KENDALL, GEORGE WILKINS. 1809-1867.
The War Between the United States and Mexico Illustrated. Embracing Pictorial Drawings of All the Principal Conflicts by Carl Nebel ... With a Description of Each Battle. New York & Philadelphia: Appleton, 1851.
Large folio (570 x 420 mm). iv, 52 pp. Engraved "Map of the Operations of the American Army in the Valley of Mexico in August and September 1847" by Erhard-Schieble von Furstenberg. Original wrappers. Plus 12 fine hand-colored lithographed plates by Bayot after Carl Nebel, heightened with gum arabic, mounted on modern archival cards. Housed together in original red half-sheep gilt-lettered portfolio. Text booklet with some foxing, light insect wear to wrappers; plates with occasional very light fox-marks visible along edges or in sky; portfolio scuffed and stained but generally sound.

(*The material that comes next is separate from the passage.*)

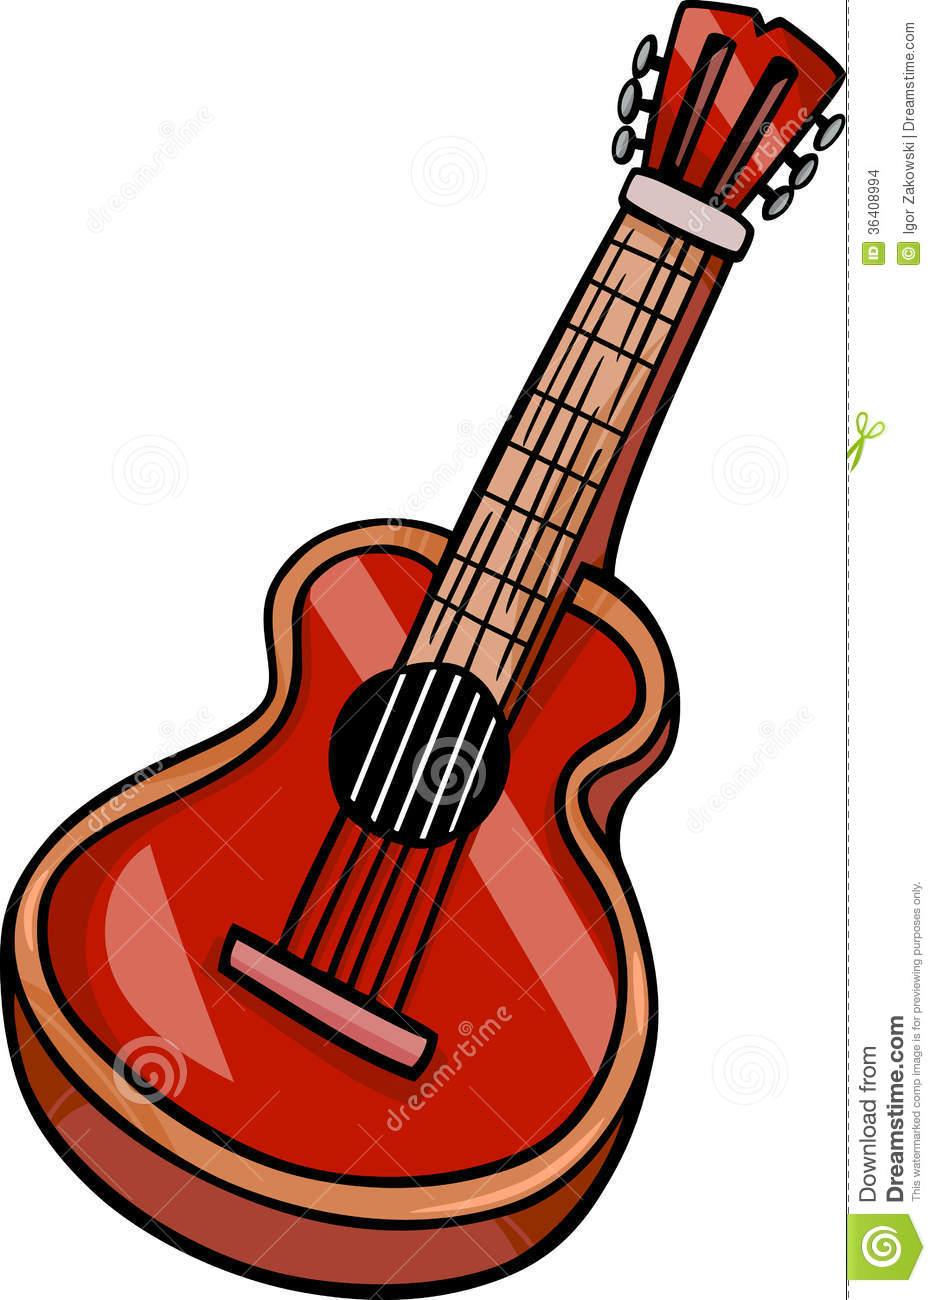 Cartoon Instruments Clipart Cartoon Musical Instruments

FIRST EDITION OF THE BEST PICTORIAL RECORD OF THE WAR WITH MEXICO. A reporter for the New Orleans Picayune, Kendall embedded himself with the US army, "rode with the rangers, witnessed most of Taylor's battles, and himself captured a cavalry flag ... He attached himself as a voluntary aide to the staff of General Worth and saw nearly all the fighting from Vera Cruz to Chapultepec. He was mentioned in dispatches and was wounded in the knee in the storming of the last fortress" (DAB). Bennett p 65 ("these seem ... the very best American battle scenes in existence"); Howes K76 ("b," "The fine plates by Carl Nebel were produced at Paris, the text printed at New Orleans, the book bound and sold by Appleton in New York"); Sabin 37362.